I received my introduction to grace, love and baptism through my Lutheran parents and the church they loved. It was in the womb of Lutheranism that my heart was pre-warmed and prepared for the new birth. 

It was during the fall of my freshman year at the University of Georgia, after an ugly athletic injury, that a staff person with Campus Crusade shared with me a clear presentation of the Gospel.  Through that simple explanation of the cross and resurrection, I finally put together all the missing parts.  The theological dots were connected and Jesus fully and completely gave me the grace to say yes to Him.

Six years later I found myself as a missionary in Japan.

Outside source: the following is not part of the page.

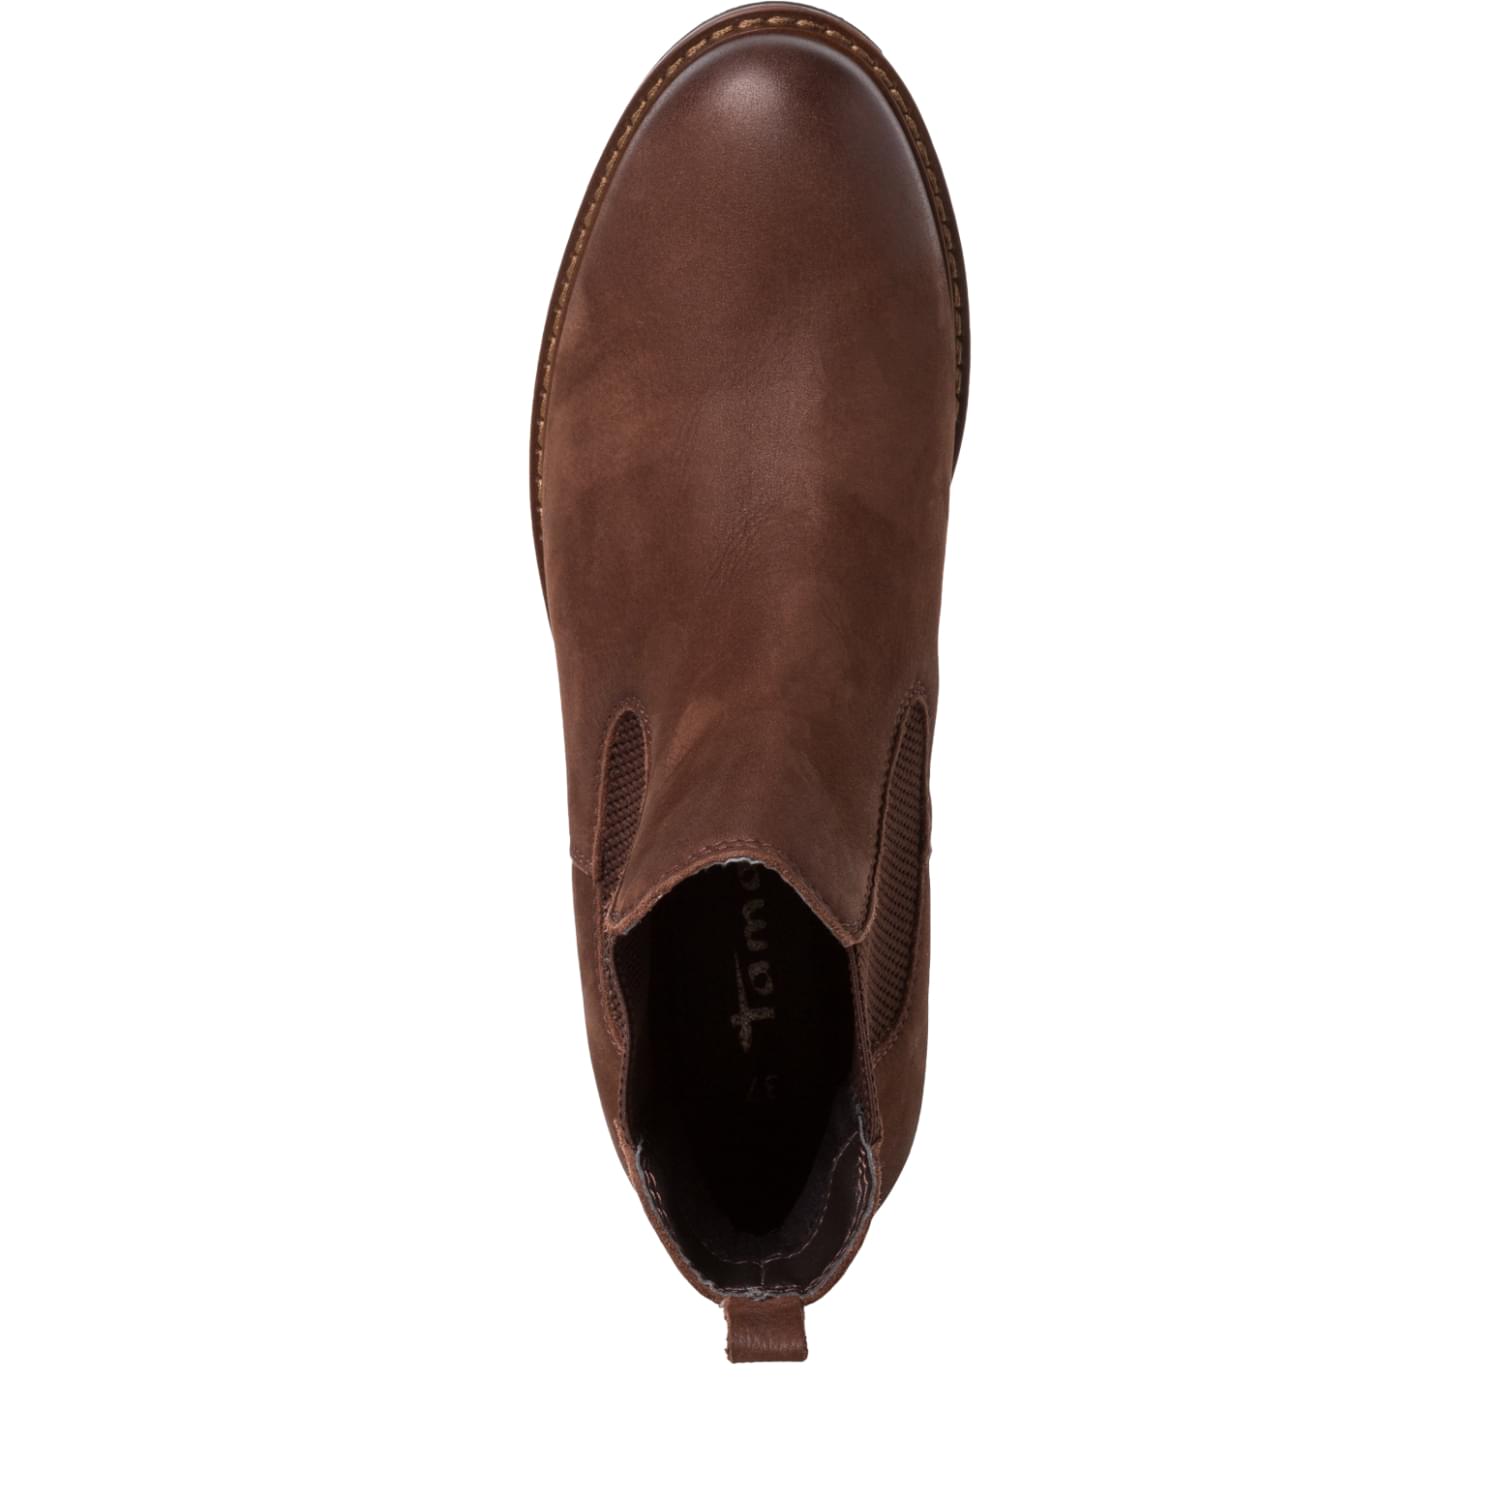 Tamaris Belin Chelsea Boots 1-1-25056-29 in Chocolate Nub.

It was while studying Japanese that I was asked to take a train up to the northeastern coast of Japan, to the city of Sendai.  I had never heard of the place and had to pull out a map of Japan to see where I was going.

It was in Sendai that I was met at the train station by a group of energetic pastors.  They were excited about the crusade and fired up to meet me.  Over sushi and seaweed that night, I was delighted to hang out with a group of grace-filled, evangelistically bold, theologically grounded men who shared of the miracles God was performing in Sendai.  And then I learned that they were all Lutheran pastors! 

What a shock to my little conservative evangelical system.  They were theologically conservative, drank wine and loved evangelism. I had not met such Lutherans before.  And they were pastors!

The Lutherans I had known in the U.S. were more of the neo-orthodox type.  The wine was fine, but it seemed that our paths seemed to head off in different doctrinal directions after that.  My father and mother, who loved Jesus, had theological leanings that were often the bane of our discussions. 
But here I was in Sendai, Japan, enjoying a deeper than average theological unity with a group of Spirit-filled Lutheran pastors.  We were all excited to see what God would do to touch the lives of these college students.  And God showed up mightily. 

The Lutheran pastors in Sendai gave me far more than I gave them.  It was on the train back to Tokyo that I realized the significance of my time in Sendai.  It was a theological reunion. It was the marriage of my Lutheran roots with my evangelistic zeal.  I do recall that I thought about my dad and his passion for Jesus; I also thought about Martin Luther and his boldness against man-made religion.  On that train ride home, I thanked God for sending me to Sendai. 

So, join me in praying for the believers and the many pre-believers of Sendai.  It might be that the little Lutheran church building that I visited twenty-five years ago has been destroyed—possibly swept off into the ocean.  But I’m convinced that the faith, perseverance and passion of the Lutheran believers in Sendai is rock solid.  May they be a “bulwark never failing” in the dark days ahead.  Pray for Sendai, Japan.